BENTON HARBOR, MI (August 6, 2006)--Bronson LaCassie held on to defeat Spain’s Pablo Martin on Sunday to claim the 2006 Western Amateur title and become the first Australian in the tournament’s 104-year history to have his name engraved on the George R. Thorne Championship Trophy.

LaCassie, 23, of Brisbane, Australia, joins a list of golf’s greats who have won the prestigious national title, including Tiger Woods, Phil Mickelson and Jack Nicklaus. But the names of his fellow countrymen absent from the trophy give LaCassie confidence he can live his dream of success as a professional golfer.

Australians Geoff Ogilvy, Adam Scott, Aaron Baddeley and Mathew Goggin, who all have prospered as professionals, are among the Australians who reached the Sweet 16 at the Western Amateur at Point O’Woods G. & C.C. in Benton Harbor, yet were unable to claim the championship.

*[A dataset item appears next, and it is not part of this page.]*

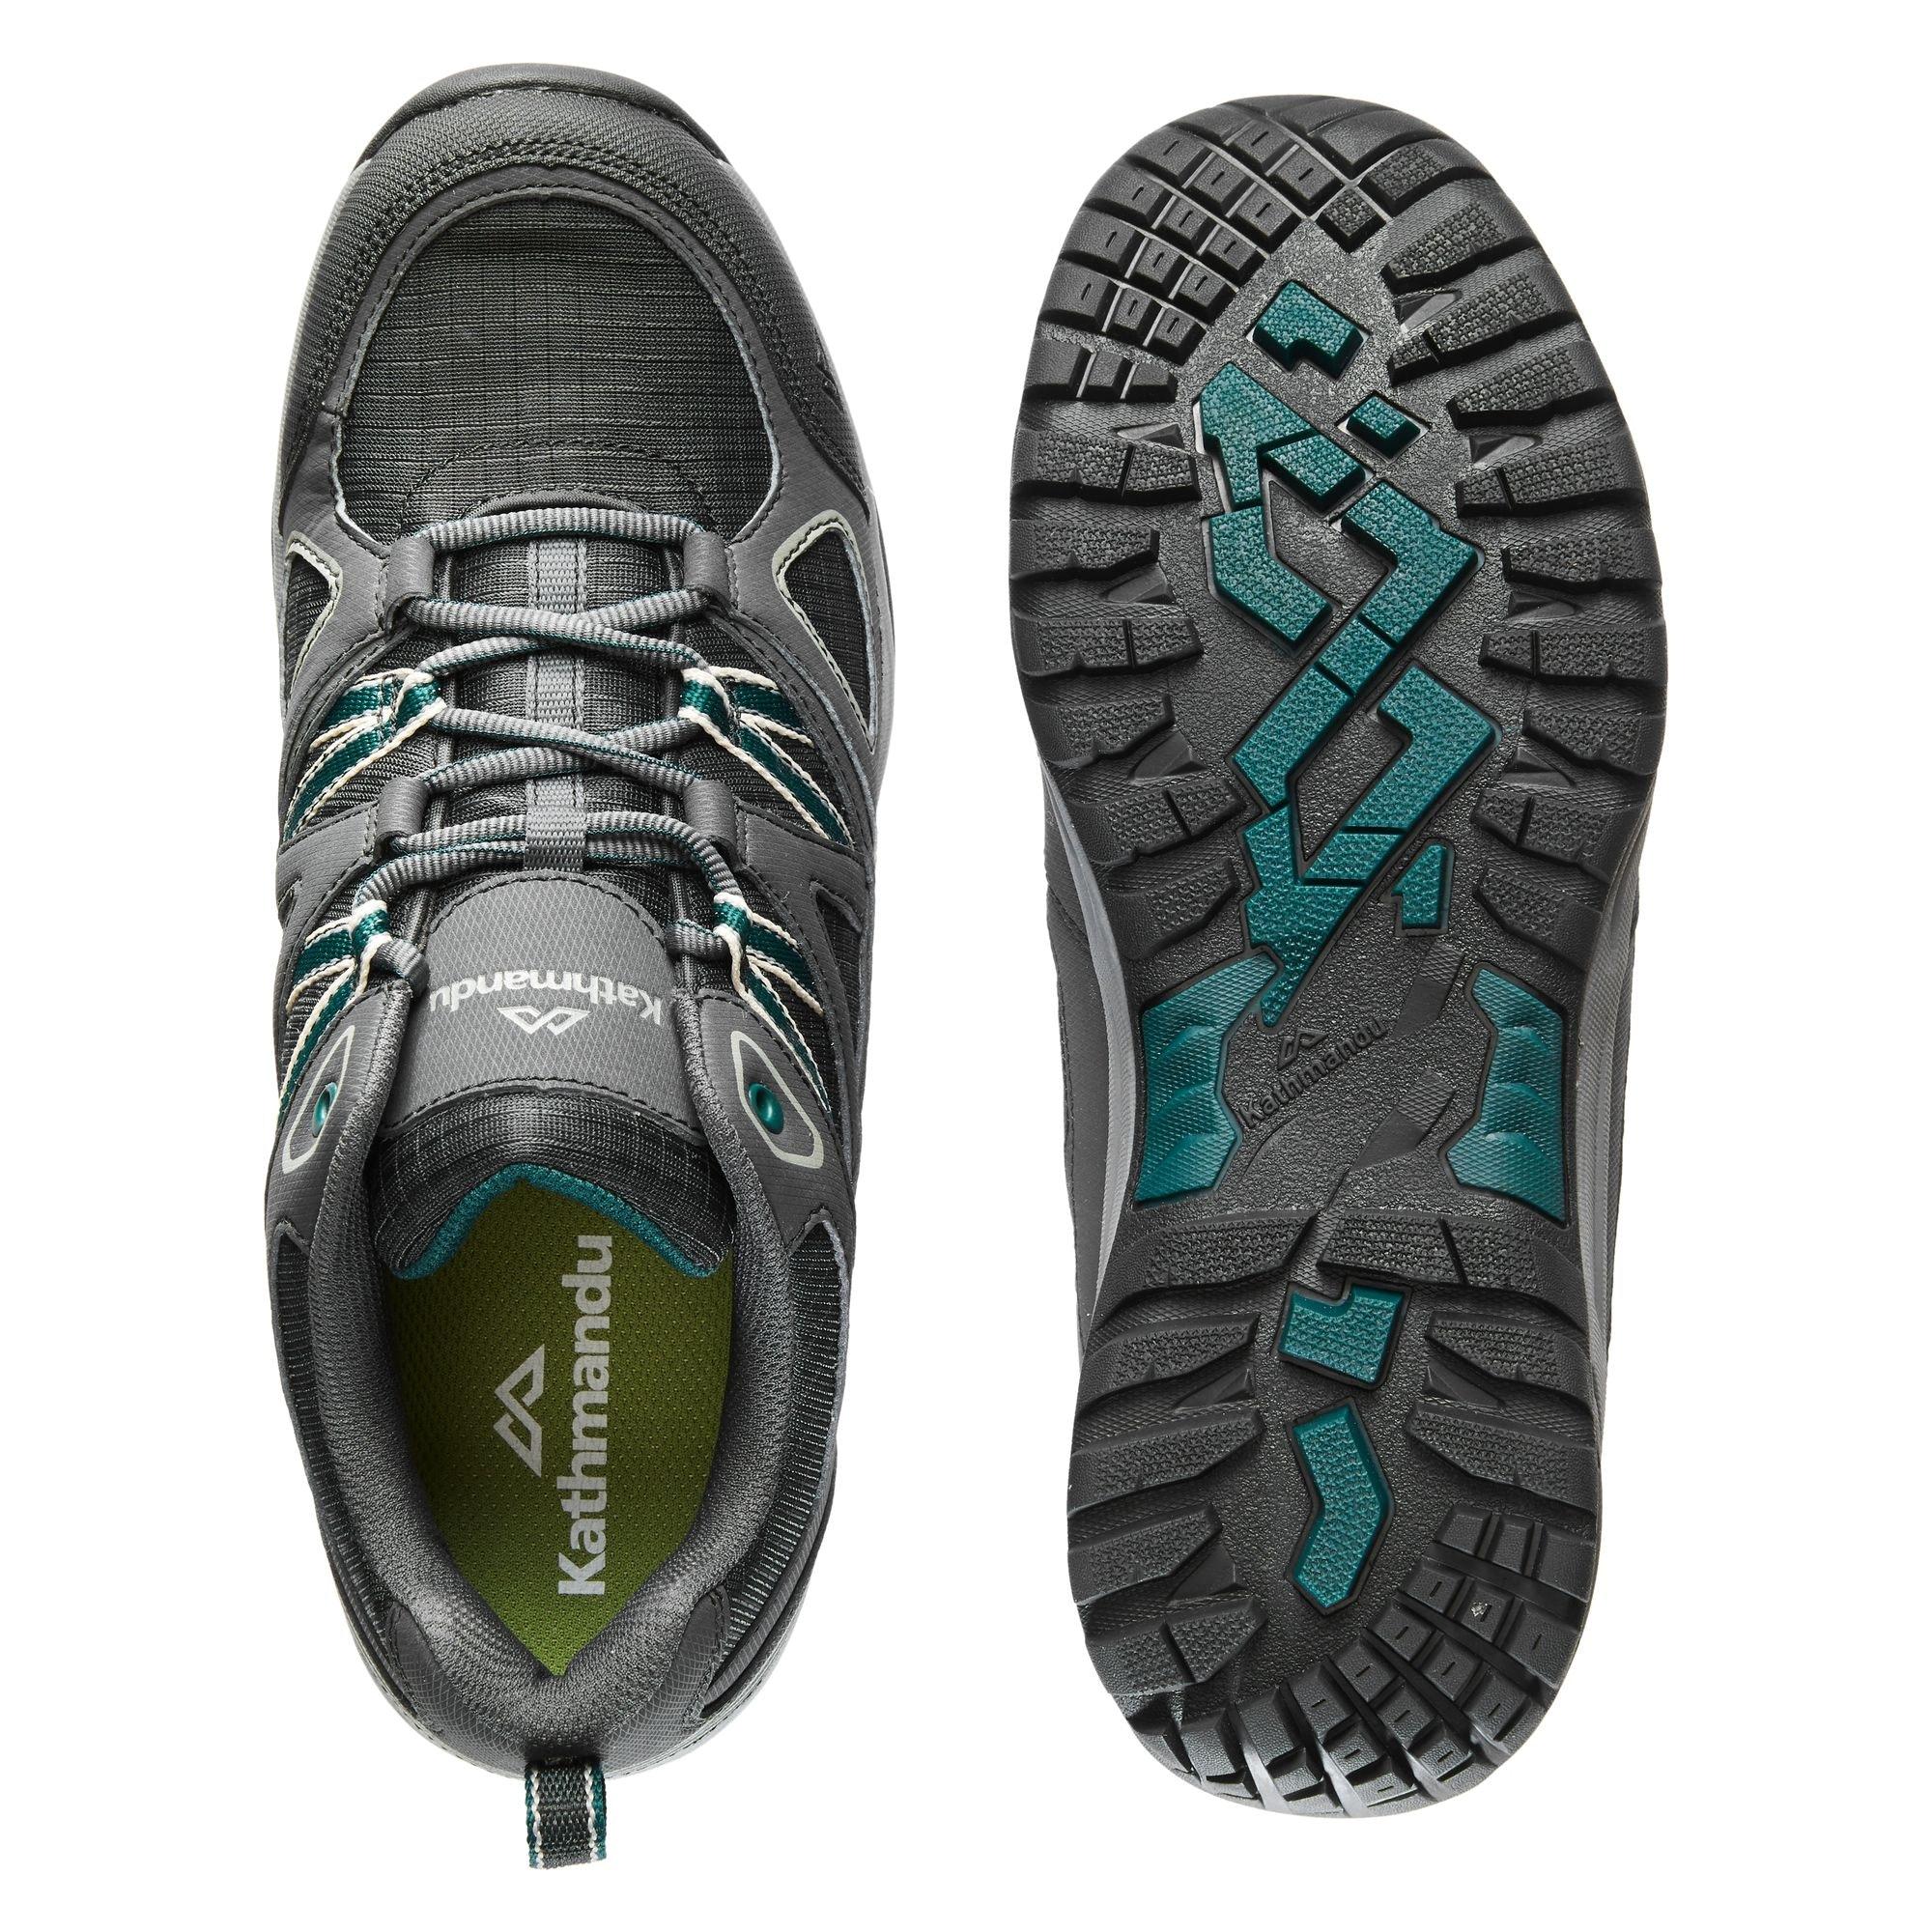 NEW-Kathmandu-Serpentine-II-Men-039-s-Lighweight-Durable-Hiking-Walking-Shoes thumbnail 6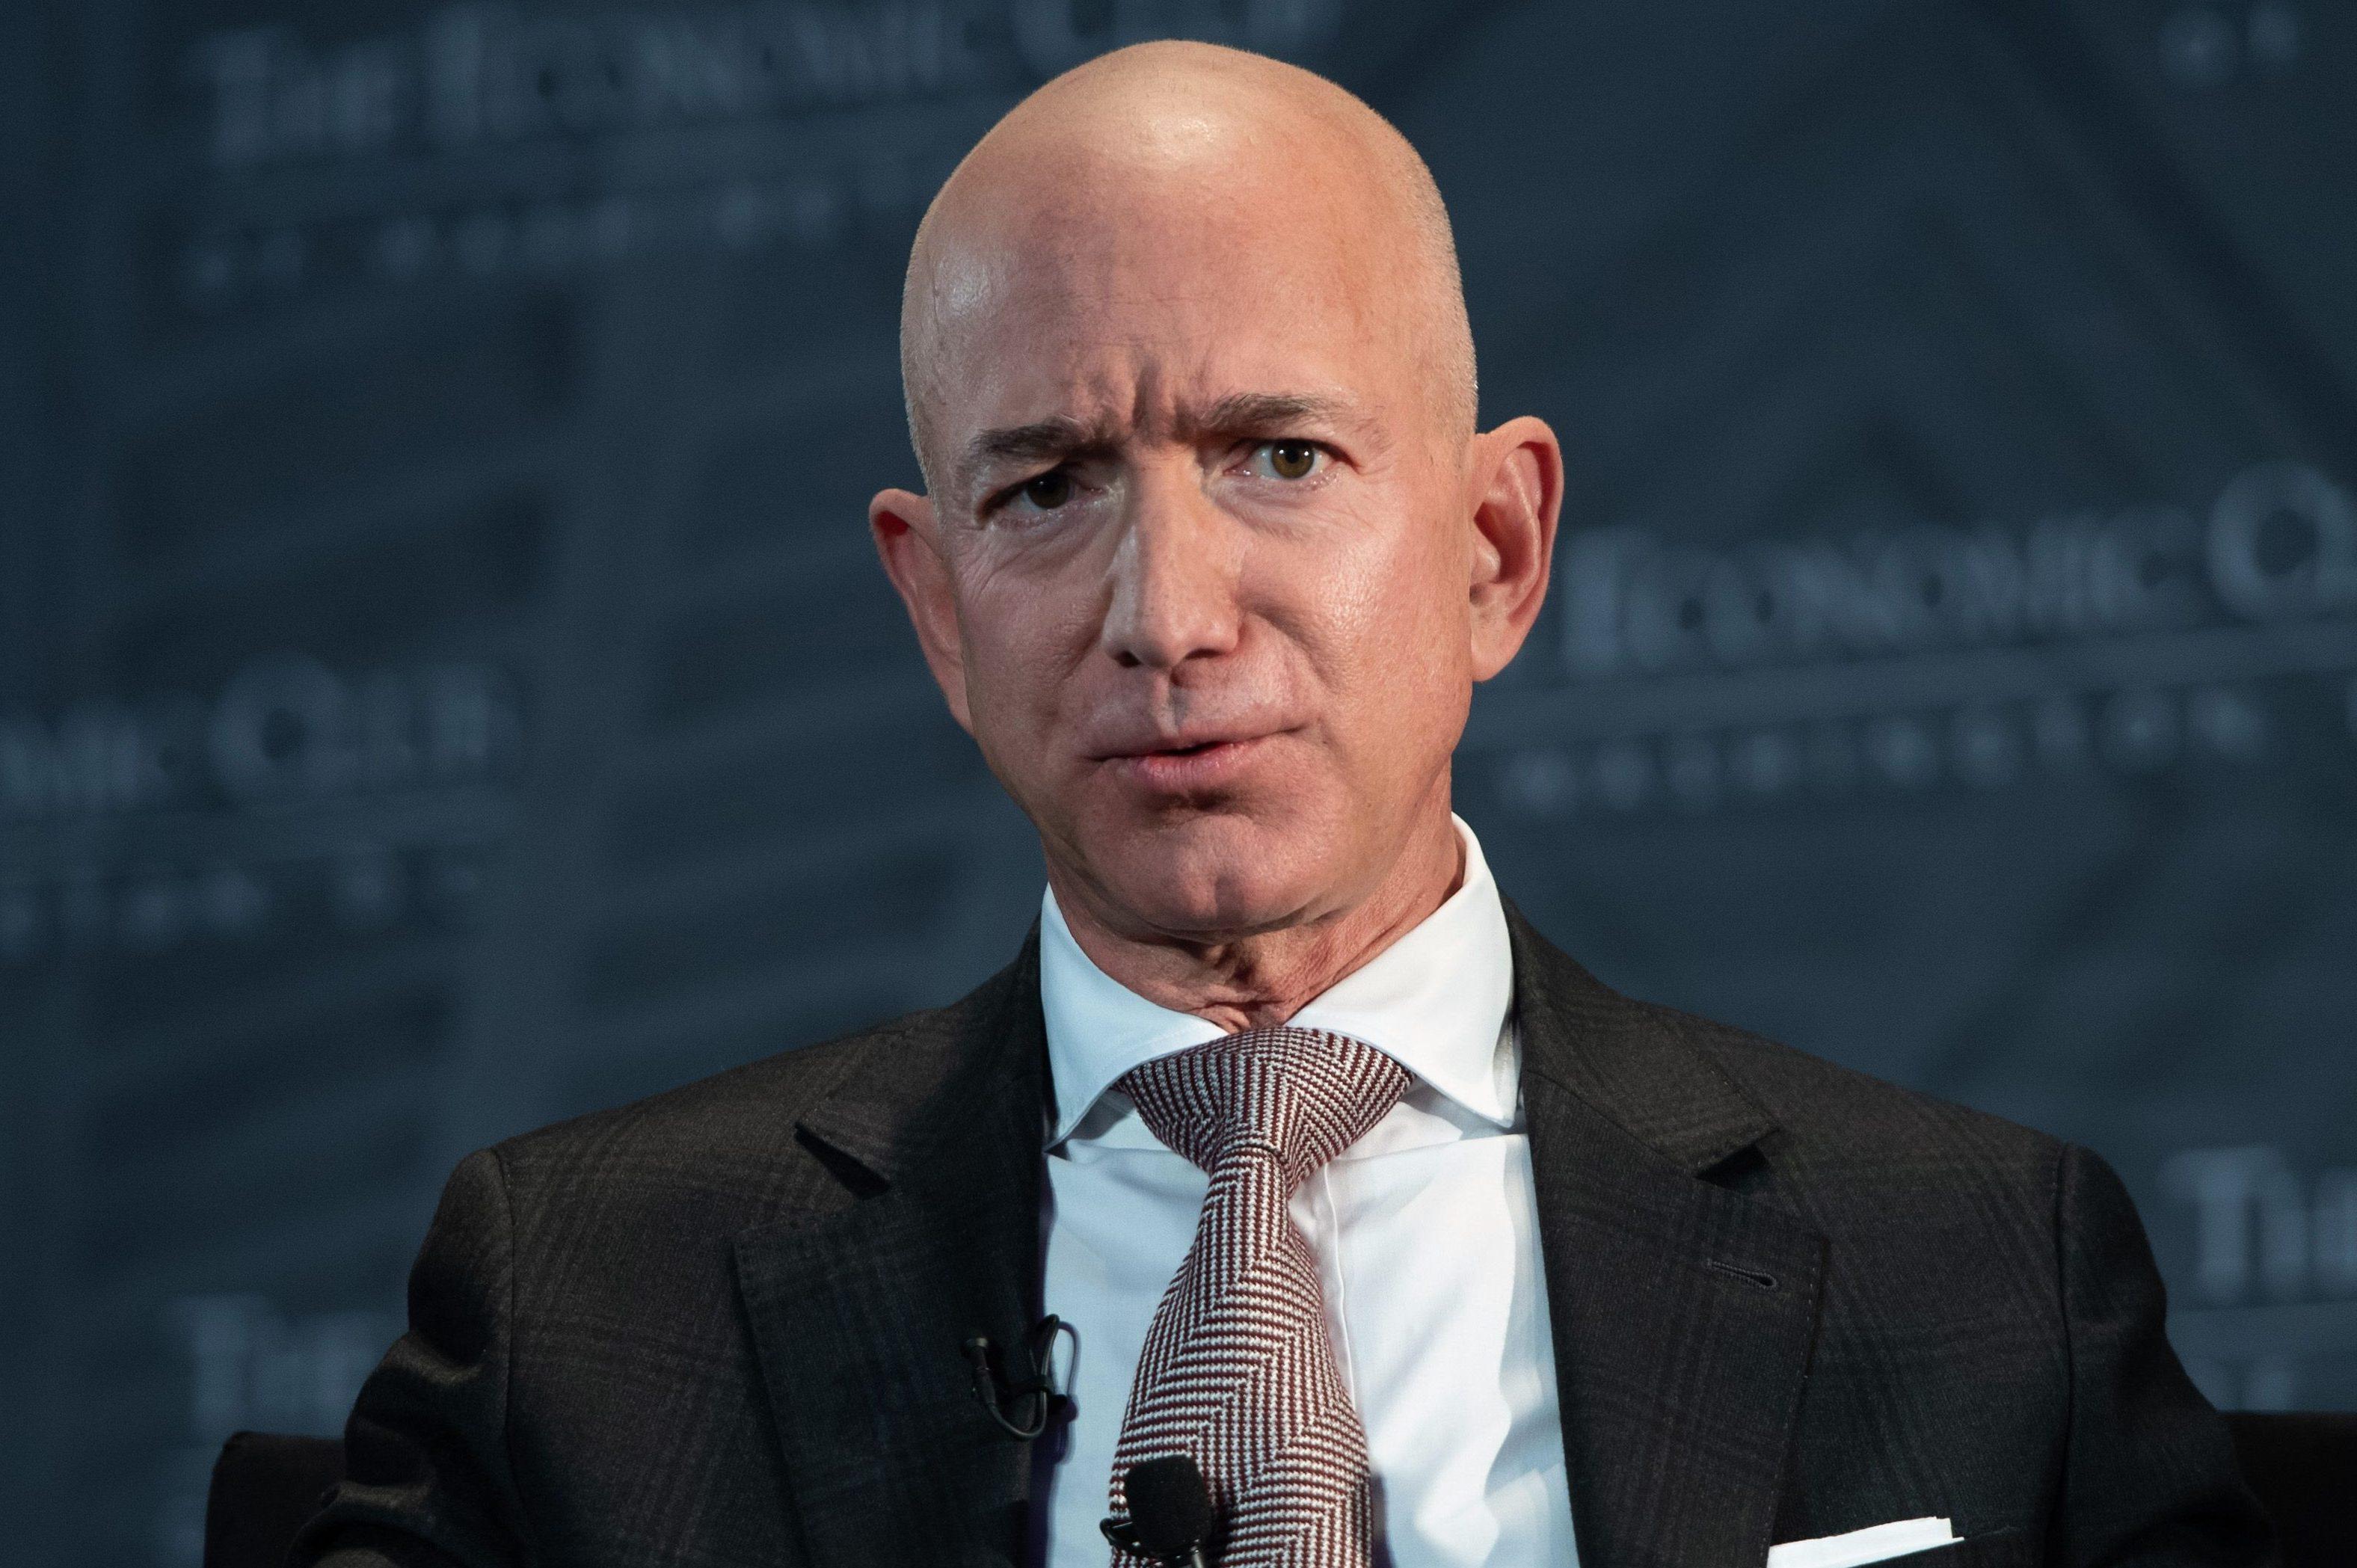 Jeff Bezos Phone Hack Saudi Crown Prince Mbs Alleged Culprit Observer

“It definitely makes you believe you can go on and do what they’ve done. It is really special,” said LaCassie, the Western Amateur’s first international champion since Michael Kirk, of Johannesburg, South Africa, won in 2000, and only the third foreign champion in history. Jim Nelford, of Canada, won in 1977. “Definitely winning a trophy Tiger’s won feels special and is something I’ll never forget. Individually, it’s the biggest thing that’s happened to me in my career.”

LaCassie, 23, a junior at the University of Minnesota, took command of the match on the back nine after he and Martin, 20, of Malaga, Spain, made the turn all square. LaCassie won the par 4, 10th with a 12-foot birdie putt, then carded back-to-back birdies on the par 5, 13th and par 4, 14th to take a 3-up lead. Martin answered by winning the par 5, 15th, with a conceded eagle putt, and the par 4, 16th, also with a conceded birdie putt, after LaCassie missed the greens on both of his approaches.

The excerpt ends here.